Виленский большевик Арон Сольц ассоциировал свое еврейство с «относительной интеллектуальностью» и сочувствием к революционному терроризму. Николай Бухарин вырос в семье учителя гимназии, который «любил сболтнуть что-нибудь радикальное» и просил маленького Колю декламировать стихи перед гостями. Валериан Оболенский вырос в семье ветеринара «радикальных убеждений», который учил детей иностранным языкам и поощрял их к чтению Белинского и Добролюбова («не говоря уж о классиках»). Большевик Алексей Станкевич рос в убеждении, «что мать и отец гораздо развитее, умнее и честнее окружающей среды» (его отец, кологривский учитель, пил горькую в знак протеста против «мещанской среды уездного городка»). «Все это заставляло наши умы теряться в догадках»
[29].
Арон Сольц
Николай Бухарин
Быть интеллигентом значило задаваться «проклятыми вопросами» и чувствовать себя развитее, умнее и честнее окружающей среды (и оттого избранным и обреченным). Вопрос, может ли интеллигент ответить на проклятые вопросы и остаться интеллигентом, тоже был проклятым. Ленин думал, что нет (и не считал себя интеллигентом); авторы «Вех» утверждали, что настоящих интеллигентов не осталось (и считали себя исключениями); остальные не отличали потерянных от уверенных при условии, что они развитее, умнее и честнее окружающей среды. Доля преодолевших сомнения стремительно росла. Большинство интеллигентов верили в грядущую революцию; большинство верующих не сомневались, что за ней последует «царство свободы».
Социалисты состояли из марксистов и националистов. Классовое и национальное освобождение смешивалось в различных пропорциях. Меньшевики надеялись на растущую сознательность обнищавших пролетариев; большевики – на внеочередную рабоче-крестьянскую революцию в порядке местного исключения; народники – на вселенскую искупительную миссию русского крестьянства; бундовцы – на сохранение еврейской специфики в рамках марксистского космополитизма; а дашнаки, сионисты и польские националисты – на торжество племенного освобождения на обломках имперского самовластья. Даже крайние случаи были компромиссными: марксисты говорили о «потомственных пролетариях» с собственной культурой и генеалогией; русские националисты назывались социалистами-революционерами, а не русскими националистами; а нерусские националисты представляли свои народы вселенскими пролетариями. Все говорили на библейском языке племенной избранности и страдания за человечество.

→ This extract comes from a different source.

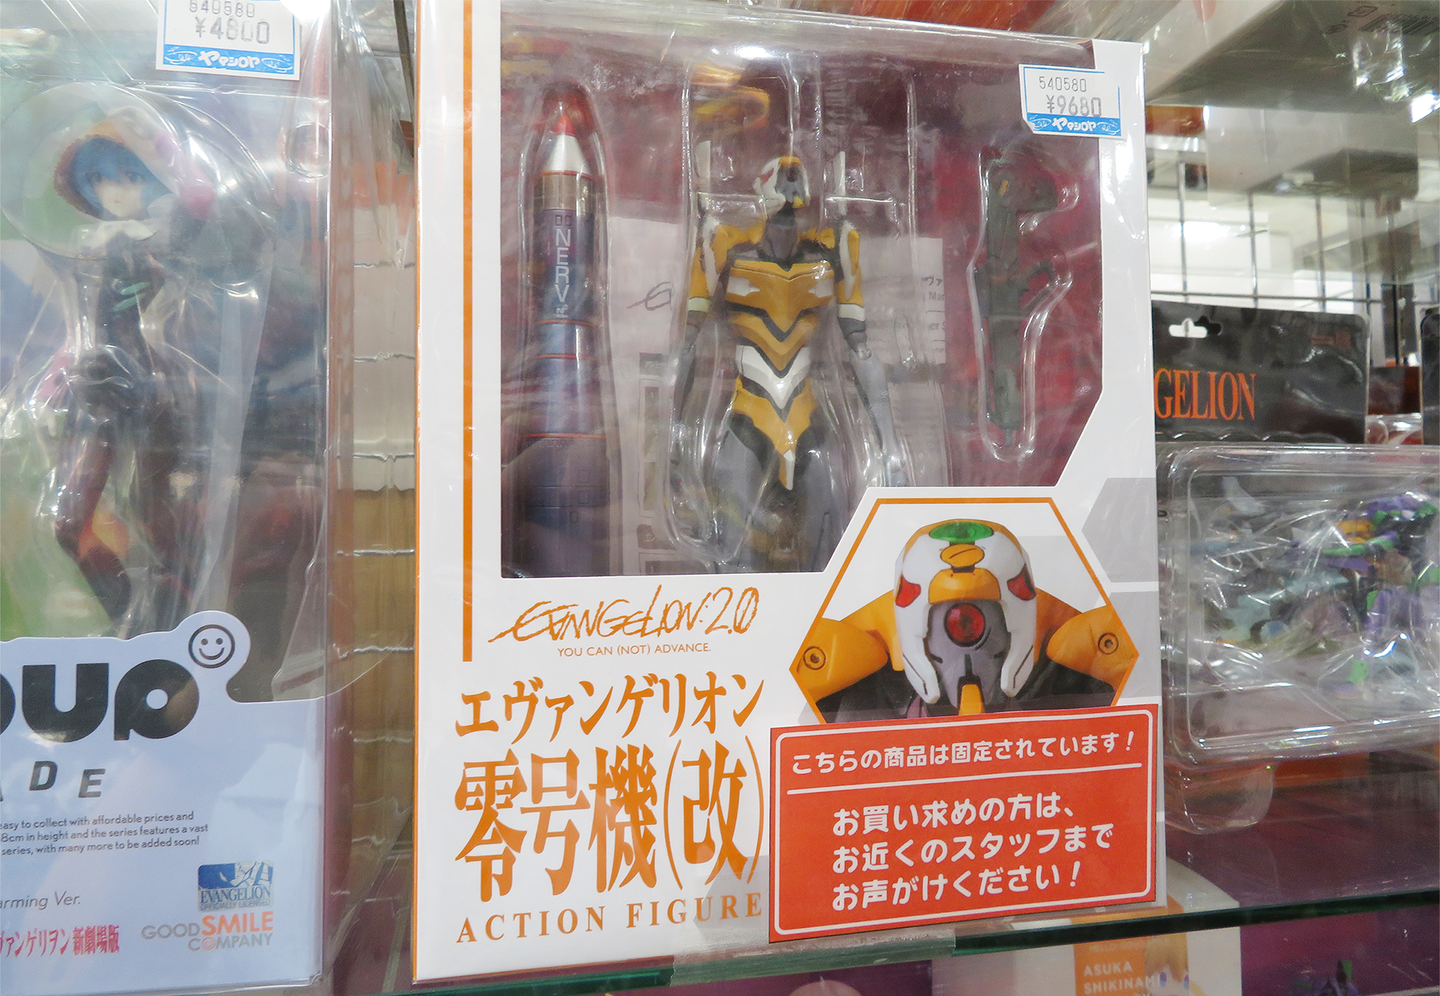 Images of Evangelion merchandise sold at YAMASHIROYA3

Валериан Оболенский (Осинский)
Предоставлено Еленой Симаковой
Один из старейших большевиков, Феликс Кон, вырос в Варшаве в еврейской семье польских националистов. «Патриотизм заменял религию, – писал он в своих воспоминаниях. – Из последней сохранилась только формальная, обрядовая сторона, не больше». Однажды на Пасху, когда дед «восседал за накрытым столом и читал молитвы», из эмиграции вернулся дядя, скрывавшийся от «москалей».
Молитвы были забыты. Все – от малышей до старого деда – с замиранием сердца слушали его рассказ.
– Чем рассказывать об освобождении евреев из Египта, поговорим о мученичестве Польши, – обратился дядя к деду, и тот охотно на это согласился.
В семнадцать лет Кон узнал о героизме русских революционеров и забыл о мученичестве Польши. Исход из Египта стал символом вселенского освобождения.
Это была перемена веры, культа… Мертвая, застывшая вера заменялась живой, действенной… Я… готов был идти на бой со всем миром лжи и лицемерия, обиды и неправды, со всем миром горя и неволи… Для меня было ясно как день, что надо идти к своим сотоварищам, к таким же 17–18-летним горячим юношам, как я, поделиться с ними своей верой, своей правдой, объединиться, сплотиться, «подучиться», – эту необходимость я смутно сознавал, – а затем всем вместе «от ликующих, праздно болтающих, обагряющих руки в крови» перейти «в стан погибающих», открыть перед ними причины гнетущего их рабства, открыть им глаза на ту силу, которая в них сокрыта, разбудить эту силу, и… тогда… тогда… тогда… великое дело будет сделано: рухнет в пропасть царство неправды и рабства, а над землей воссияет яркое солнце свободы
[30].
«Серийные» обращения были типичны для западных губерний и их австрийских соседей. Карл Собельсон (Радек) оставил культ Гейне (широко распространенный, по его словам, среди галицийских евреев) ради польского патриотизма, германско-польской социал-демократии и, наконец, российской версии пролетарского интернационализма. (И нигде не чувствовал себя дома.)
[31]
В центре империи социалисты из состоятельных семей помнили себя впечатлительными детьми, страдавшими от «чувства неловкости и стыда за свою обеспеченность». Елена Стасова – внучка известного архитектора, дочь известного юриста и племянница знаменитого критика – рано испытала «чувство долга по отношению к… рабочим и крестьянам, которые давали нам, интеллигенции, возможность жить так, как мы жили»
[32].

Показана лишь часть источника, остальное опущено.